■ **REQUIRED ACTION**: Only the stretch below from the line holding "Apple Watch Series" through the line holding "adidas predator mutator black and pink" should be restated, word for word and with both ends included; pictures stay out.

[INPUT RECORDS Boundary: Start]

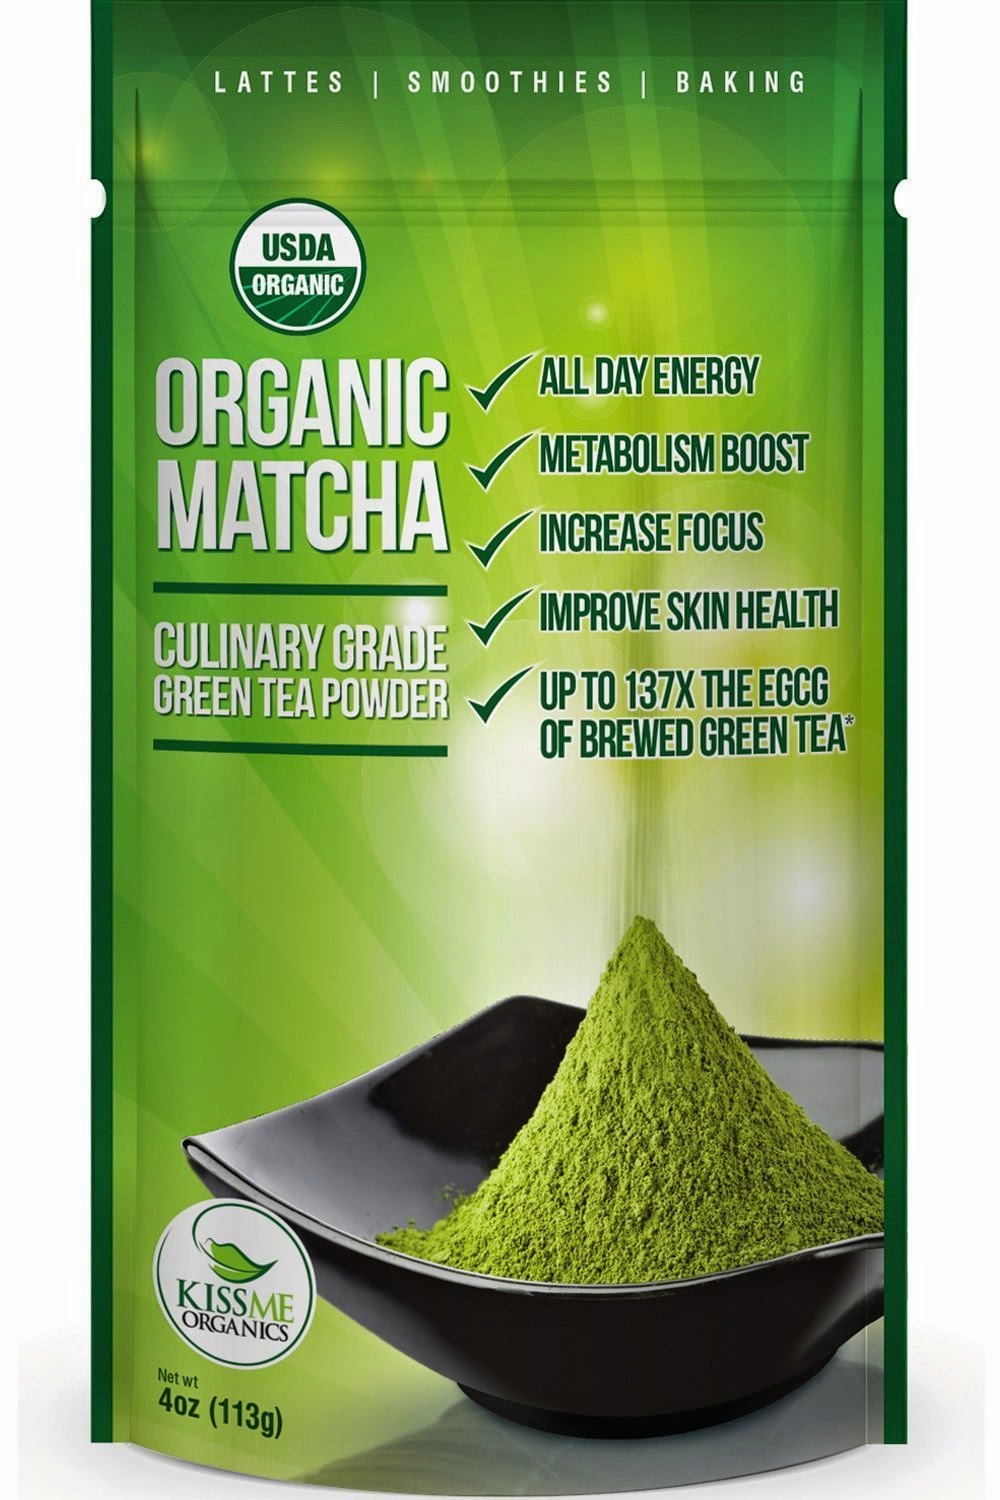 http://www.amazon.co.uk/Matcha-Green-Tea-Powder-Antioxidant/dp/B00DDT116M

[INPUT RECORDS Boundary: End]
[INPUT RECORDS Boundary: Start]

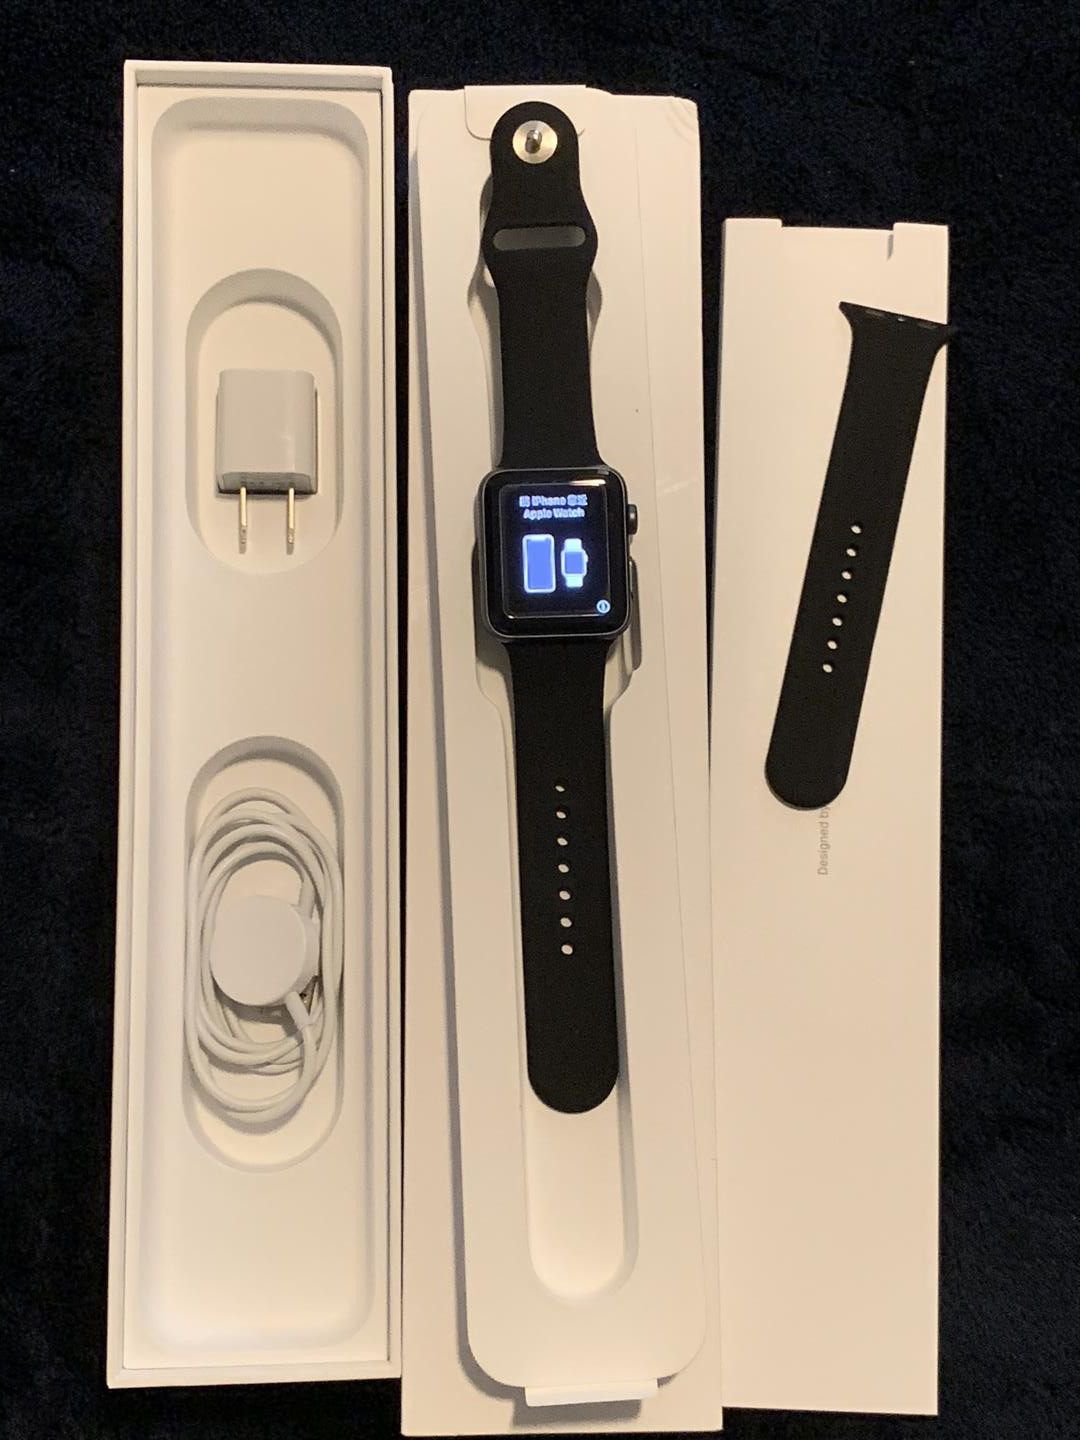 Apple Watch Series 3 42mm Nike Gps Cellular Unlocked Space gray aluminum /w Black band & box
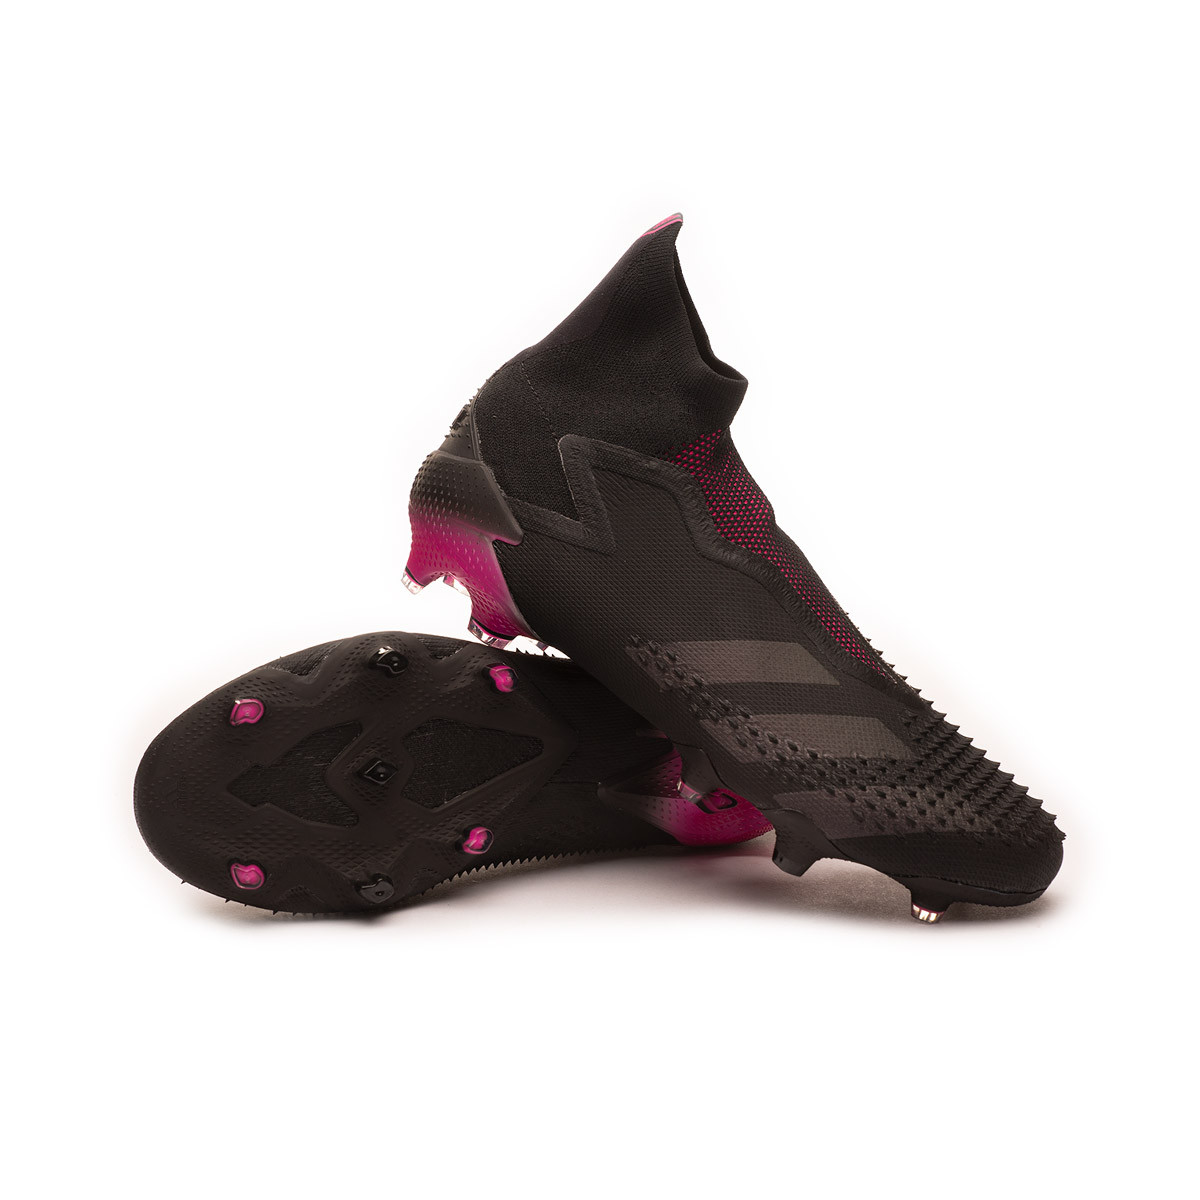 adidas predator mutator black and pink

[INPUT RECORDS Boundary: End]
[INPUT RECORDS Boundary: Start]

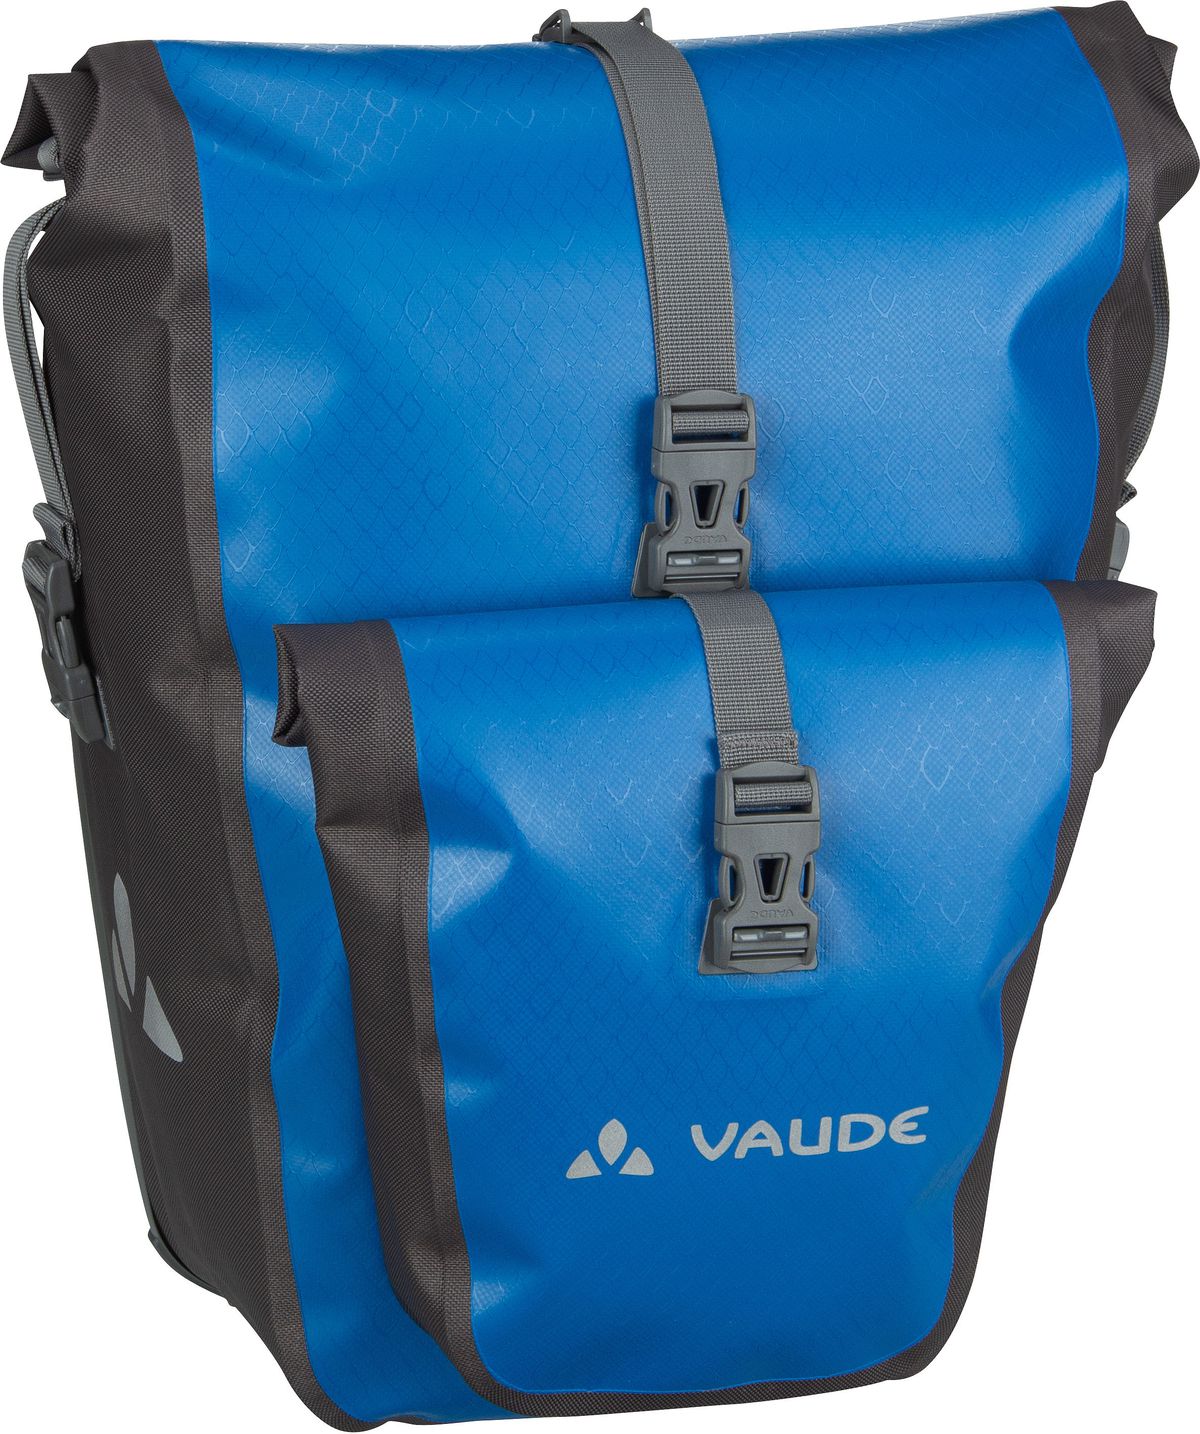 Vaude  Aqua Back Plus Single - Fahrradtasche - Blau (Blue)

[INPUT RECORDS Boundary: End]

■ **EXERCISE RESPONSE**:
 Apple Watch Series 3 42mm Nike Gps Cellular Unlocked Space gray aluminum /w Black band & box
 adidas predator mutator black and pink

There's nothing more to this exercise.